Read These Stories: Mostly Sports!

I think “Read These Stories” may become a Sunday tradition, seeing as how I will be spending a lot of my fall Sundays reading from Pocket as NFL games play in the background — Not next Sunday, though, because the Steelers play Thursday. Maybe I will actually enjoy a beautiful September Sunday without watching sports.

Nah, probably not. The Pirates are playing.

On to the recommendations:

Open City (by David Roth)

Reading this story (from last year, but it applies now) only cements tennis’ U.S. Open on my Sports Event Bucket List.

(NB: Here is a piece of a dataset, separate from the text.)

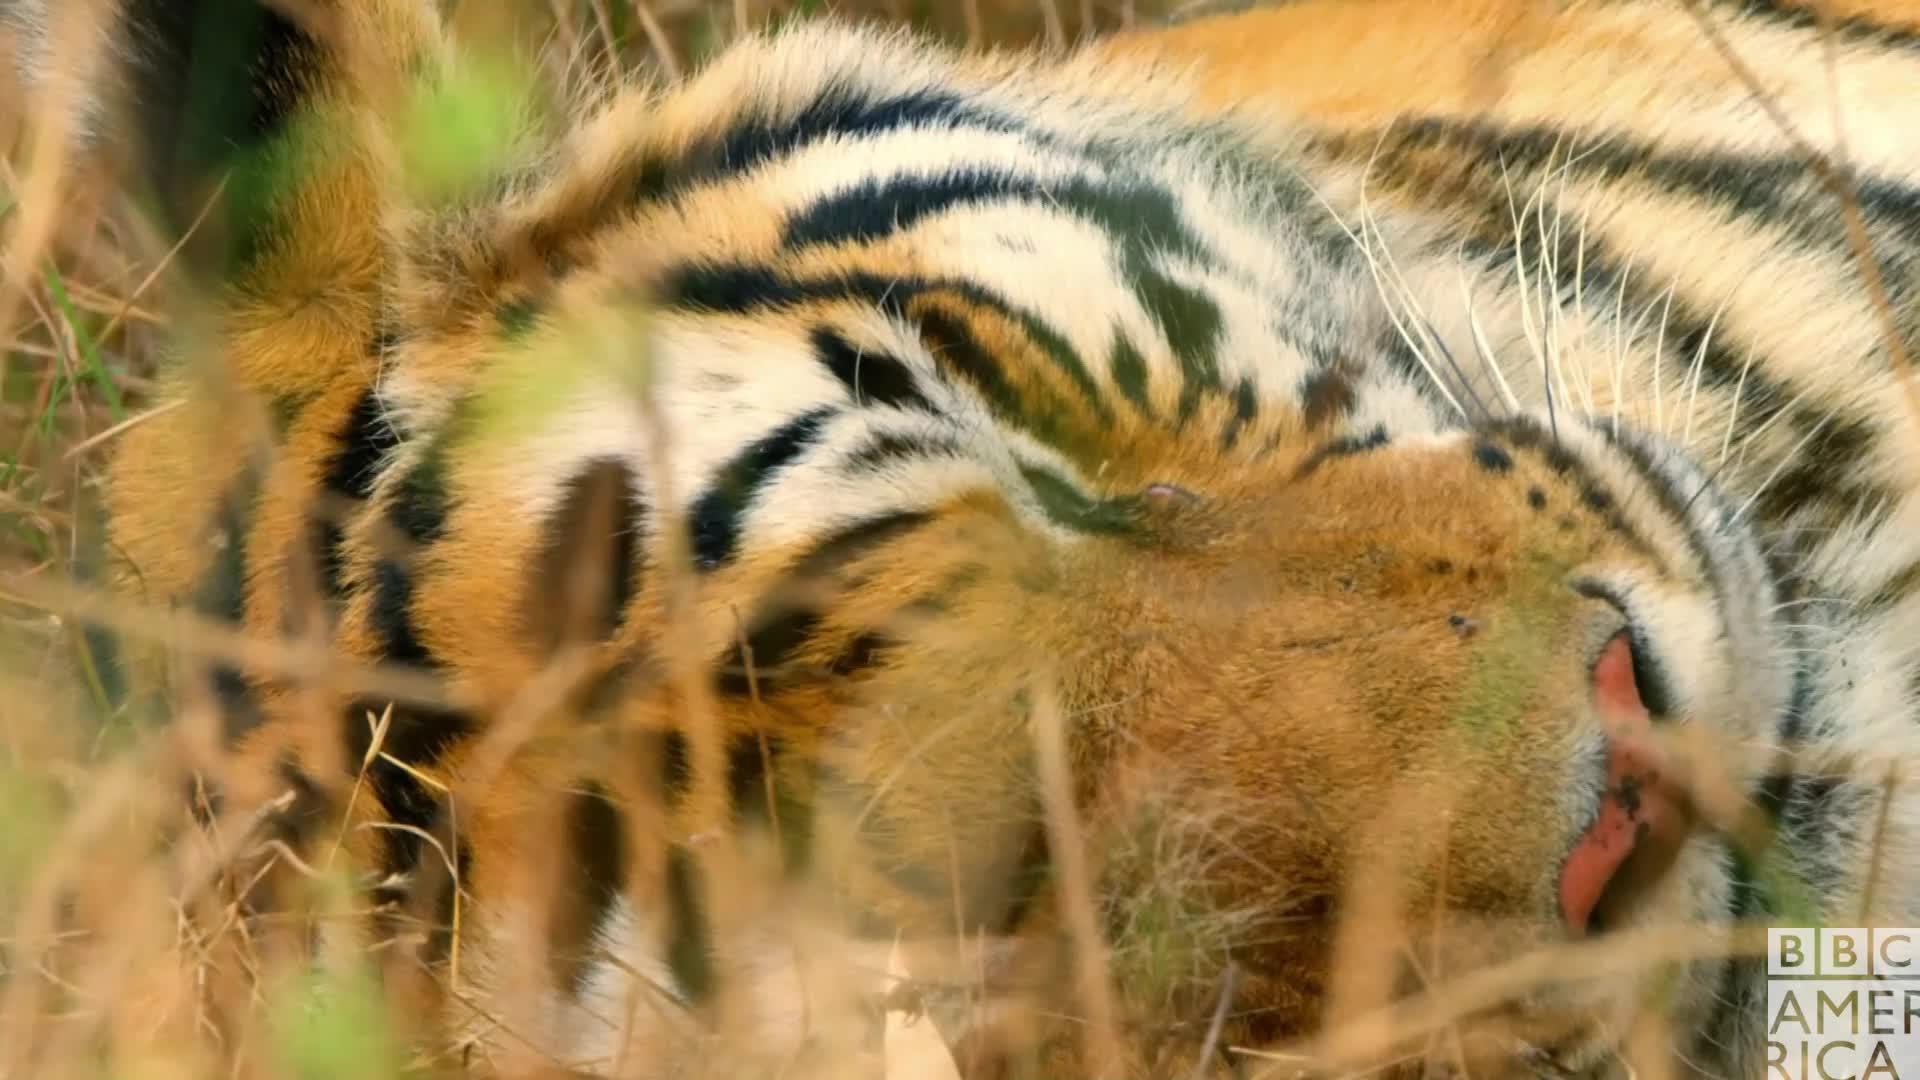 animal, animals, bbc america, bbc america dynasties, bbc america: dynasties, dynasties, sleep, sleepy, tiger, tigers, tired, zzz, Dynasties Raj Bhera Tiger Sleeping GIFs

Roth never cheats you with his articles that are more like short stories with special guest: sports. I adore his descriptions of the Open patrons as “couples preppy enough that their outfits were effectively unisex” and “a boyfriend in a skintight Armani t-shirt taking photos of his girlfriend and her Instagram smirk in various hilariously inconsiderate locations.”

The Future Could Work, if We Let It (by Farhad Manjoo)

I enjoy criticisms like this that boil down books that fall under this category: I am interested in the idea, but I would never devote enough time to read it all. Manjoo breaks down the thesis of a new book “Resource Revolution: How to Capture the Biggest Business Opportunity in a Century,” gives me the gist and criticizes a few of the authors’ assumptions.

One criticism I have of an otherwise good piece that is worth your time: don’t bury the 33,000 lives taken each year by driver error in car accidents. When car companies begin marketing driverless cars, this needs to be a main talking point: keeping people from dying needlessly.

Does Watching the NFL Make You Evil? (by Jeb Lund)

Don’t get caught up on the clickbait-y headline. Leave your assumptions behind and read. Lund lays out the dastardly, and perhaps indeed evil, actions of the NFL, its commissioner and its owners (it’s a laundry list). Confront your own love of pro football and know that it comes with all these societal ills.

And if you don’t want to do all that, read Lund’s last paragraph. You and he are more similar than you may think.

Did Dante Hall Bankrupt an Electronics Chain? (by Aaron Gordon)

Cleanse your palate with this last piece, a fun vignette that taught me about a new kind of business. Don’t let me ruin any of the twists of this story. It’s short and you will enjoy it.